With its brief but varied menu, the new White Dog has a good chance for a long walk. 

Man's Best Friend

The dynamic restaurant scene along Main Street in the Fan continues to redefine itself. Some have the formula for success; others have the capital; and yet others have the crazy urge to open a restaurant. And so it goes. Some hang on long enough to become institutions; others sit at their empty bar and wonder how they can lure customers in.

If experience counts for anything, the White Dog, a newcomer to the pack, should have a good chance for a long walk. Barry Pruitt, for 15 years a partner at Davis & Main before moving on to another Fan venture, Avenue 805, for a couple of years, should know the route for a good dog walk. This time, he's in a place just down the street from his former haunts, daring to go where many have gone before (come and gone rather quickly, that is) — at the corner of Stafford and Main. But Pruitt should know his crowd.

The space, down a couple of steps from the sidewalk, looks freshly decorated, though it's still small and intimate, with tables in nooks, crannies and a back room. We were seated in a booth across from the bar, where all six stools were eventually occupied by smokers. Short of being seated in the rather lonely back room, the choice, once you're ensconced, is to tolerate the smoke. Mellow pop standards are piped a bit intrusively, if conversation is part of your dinner plans.

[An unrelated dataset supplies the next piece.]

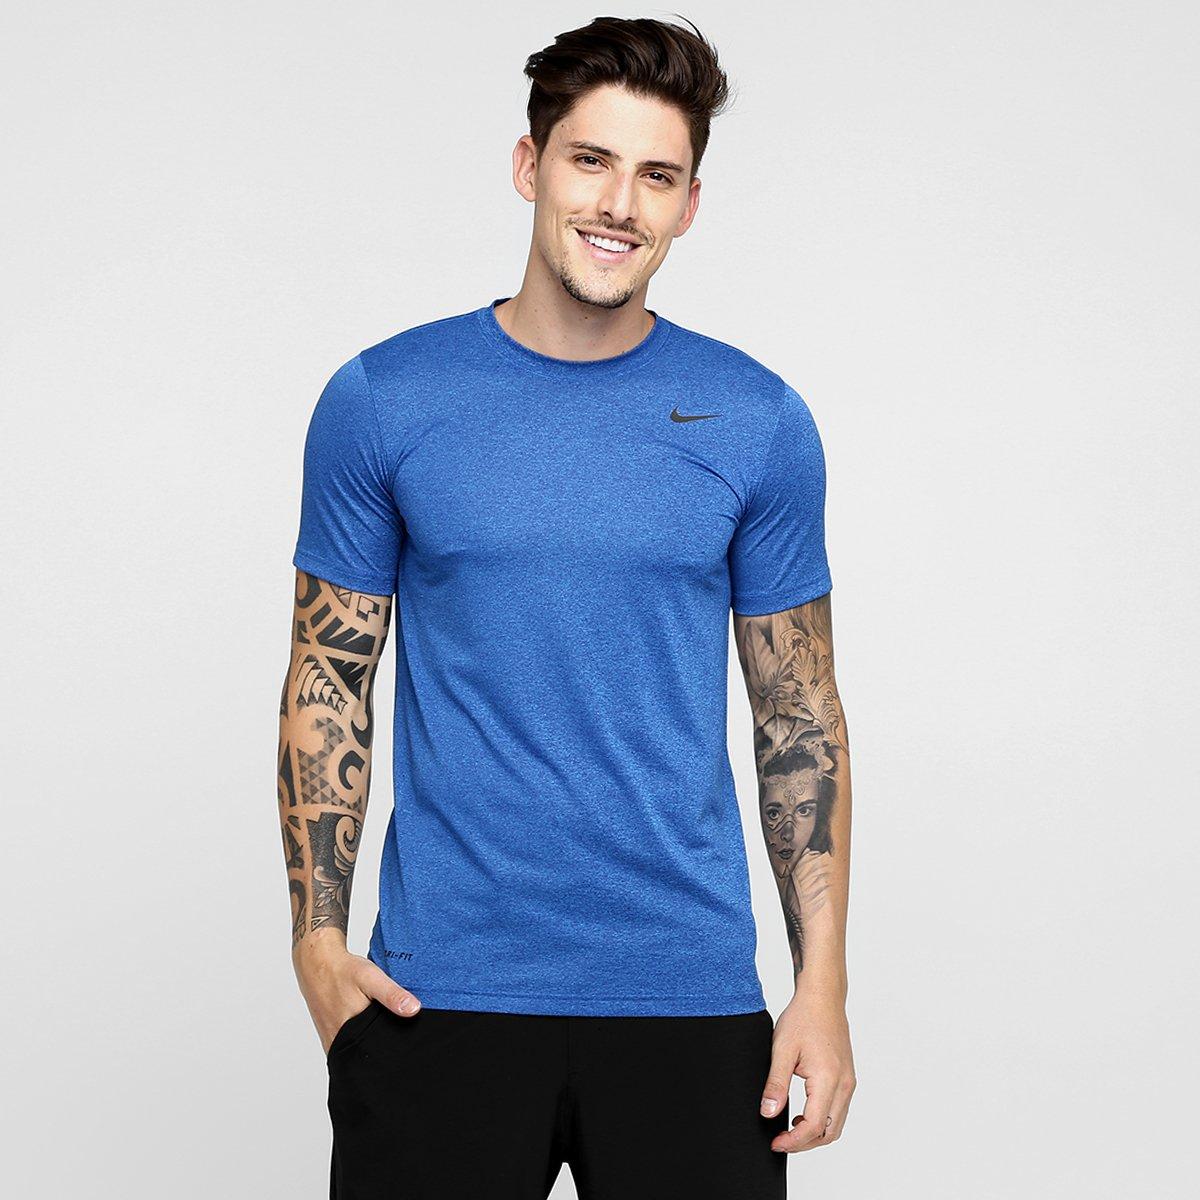 75e5a0d710944 Camiseta Nike Legend 2.0 Ss Masculina - Azul - Compre Agora

But we went to eat — though conversation is as important to that experience as good food and drink. For beer drinkers several drafts and bottles are offered. The wine list ($16-$28 per bottle/$4-$4.50 per glass) is pared to a dozen-and-a-half thoughtfully chosen labels. We had a modest South African hybrid called a pinotage ($17) that I might try again.

The menu, like the wine list, is brief but varied. Perhaps with premature summer weather, some offerings seem like winter fare. On a warm night the black bean soup ($5.50) and green chili and pork stew ($5) didn't set off a rush of craving. Spring rolls with apricot chutney ($6) were more appealing. Described on the menu as crispy fried, they fell short of that, but the zesty chutney saved them. A pastry turnover ($6), filled with portobello mushrooms, roasted red peppers and Parmesan, and decorated with squiggles of a balsamic reduction is a pleasant little variation of some classic and trendy flavors. Other choices are a barbecue chicken quesadilla with a tomatillo salsa ($6) or catfish fingers with a jalapeno dip ($6.50).

The main courses number only a dozen but they cover a lot of territory for a variety of appetites. For instance, there's a "Big Salad with everything that matters including cheese" ($7), and you can cry fowl (grilled chicken) for $2 or add grilled shrimp for $3.50. A mix of vegetables over linguine ($9.50) can be augmented by chicken ($12) or shrimp ($15.50). There's more than an Asian flair in stir-fried shrimp and vegetables over cellophane noodles in a hoisin sauce ($14). It's a colorful, flavorful bowl with good contrast of texture, particularly with a garnish of crisp-fried noodles on top. Ancho-roasted chicken ($10) is ordinary, either kept warm too long or warmed over, but I liked the macaroni and cheese underneath and the crisp, garlicky snow peas on the side. Other entrees ($13-$18) include salmon, lamb, pork loin, a New York strip steak and Hungarian beef goulash.

We finished with an intense fruit sorbet, frozen in the shell of the fruit — tangerine, in this case. It's good.

Gertrude Stein once said that a dog walk should be the same but different. It's an interesting challenge for the one with the leash on The White Dog.